Source Information

Herrin, Cynthia. Oakland County, Michigan Vital Records, 1800-1917 [database on-line]. Provo, UT, USA: Operations Inc, 2000.
Original data: Herrin, Cynthia. Oakland County, Michigan Vital Records, 1800-1917

About Oakland County, Michigan Vital Records, 1800-1917

One of the oldest counties in Michigan, Oakland County is located just north of Detroit near the border with Ontario. This database is a collection of vital records for county residents between 1800 and 1917. Taken from Our Pioneers: Families of Early Oakland County, Michigan it provides information regarding over 215,500 persons. It reveals the resident's name, birth date, names of parents, children, and spouse, location of marriage, marriage date, occupation, and death date. For those persons seeking ancestors from southeastern Michigan, this index can be a source of valuable information.
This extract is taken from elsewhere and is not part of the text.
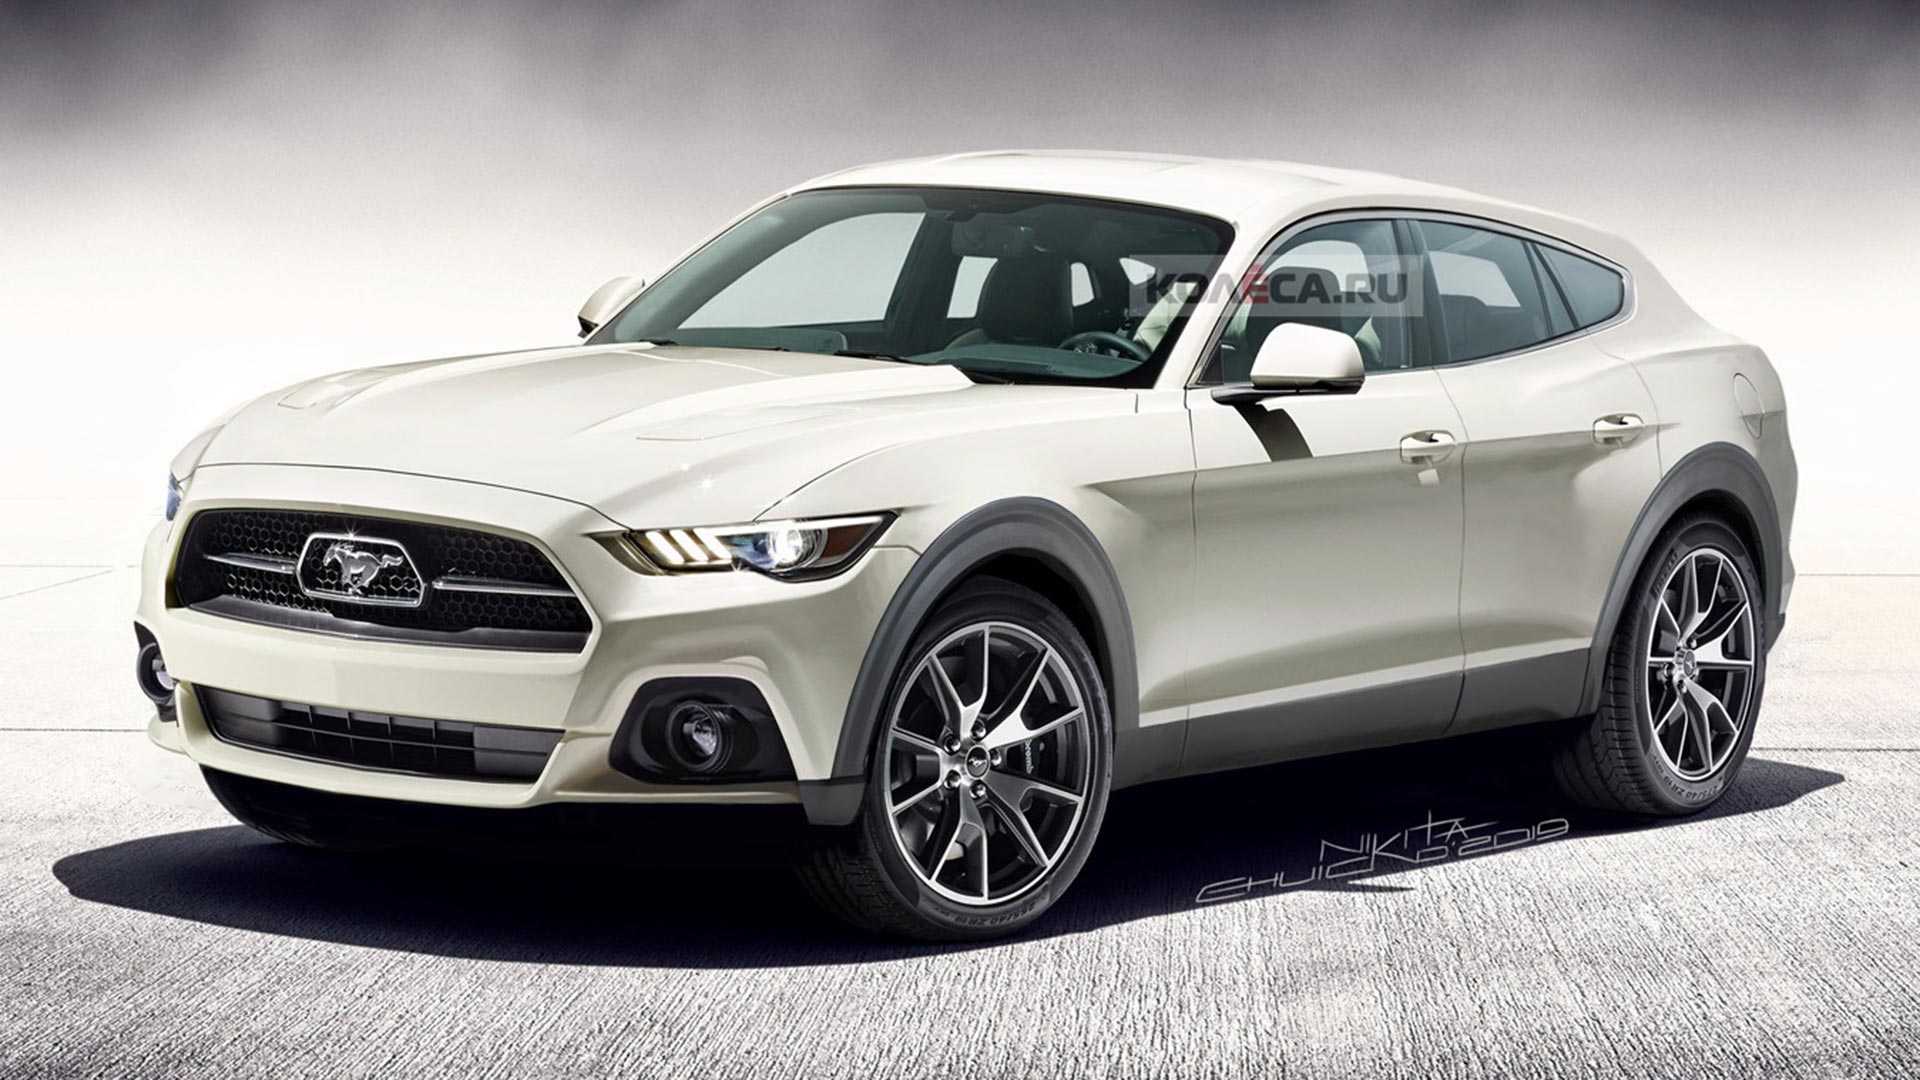 Ford anticipará el Mustang eléctrico en 2020: últimos detalles

Note: Oakland County, Michigan contains a township called Oakland. It is noted in the database as Oakland, MI, while the county itself is written as Oakland co., MI.

The forward to the original text does not say how the information was collected, although it seems to have been submitted by members of various families.

One sample entry is:

Allen, John, Farmer, Milford Township. Mr. Allen was born in England in 1844, and in 1858 settled in Oakland county, Michigan. After serving in the recent war, he married Celestia J. Orton, of Ortonville who was born to John and Barbara (Samuels) Orton in New York. They are the parents of five children: John L. Jr., Elizabeth, Sarah Jane, Anna, and Lewis W. He lives on Thread River Stock Farm, established in 1859 by his father, Robert W. Allen with his mother Amelia (Hardy), born in Connecticut 1821 and his sister Anne. His father passed away in 1878. Mr. Allen has served six years as school assessor and has held other local offices.
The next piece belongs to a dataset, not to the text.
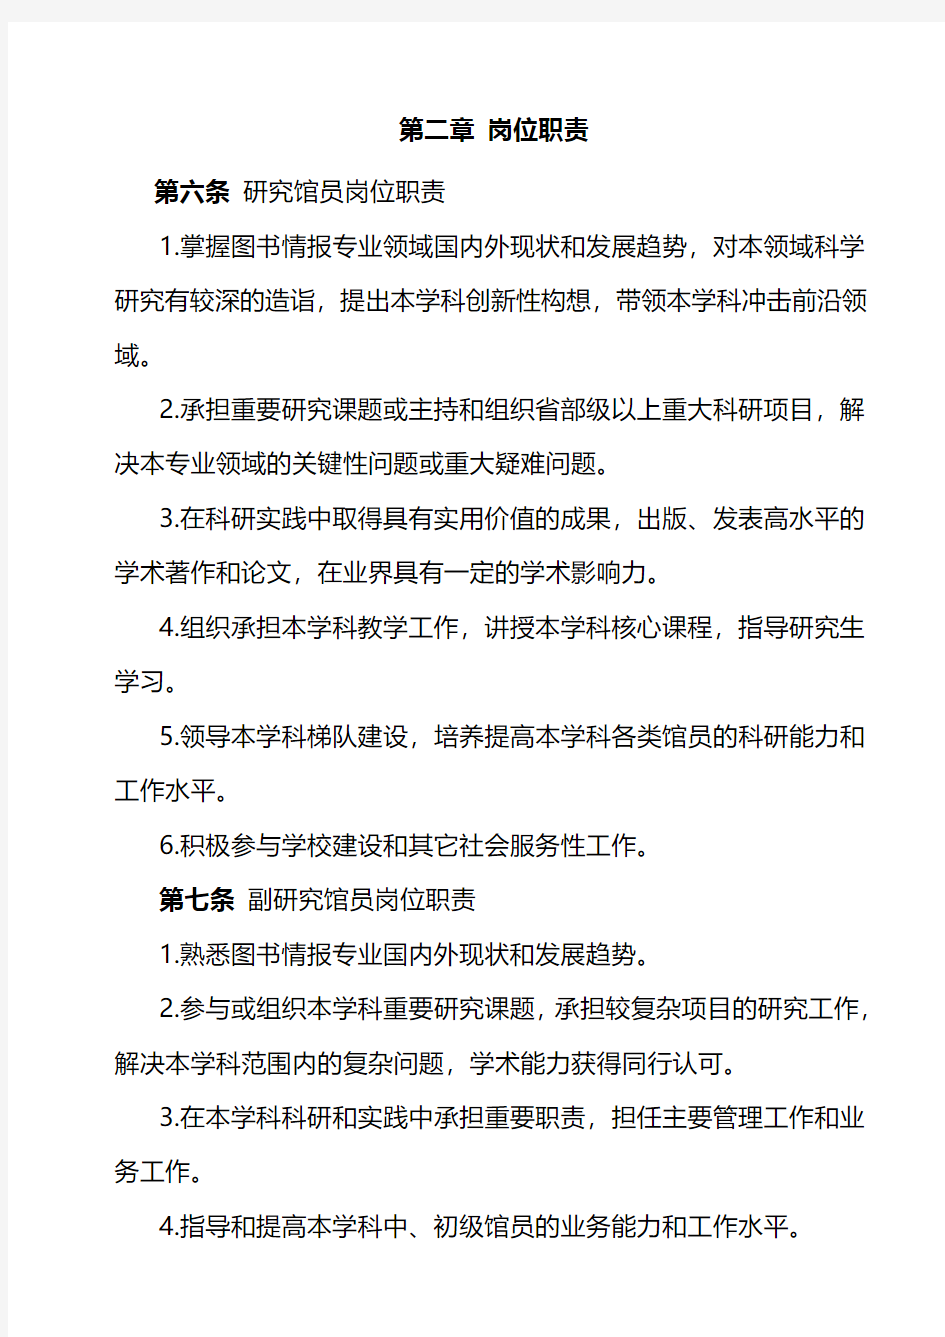 上海交通大学图书系列职务聘任实施办法

There are about five thousand such entries included in the book, from which the vital statistics of about 40,000 people are abstracted. Some entries are a page long and very involved. Others are little more than an advertisement for a business. In some cases, two members of the same family supplied information about a common ancestor or relative; information which did not necessarily match. All researchers are cautioned to consult with primary documentation when confronted with conflicting information.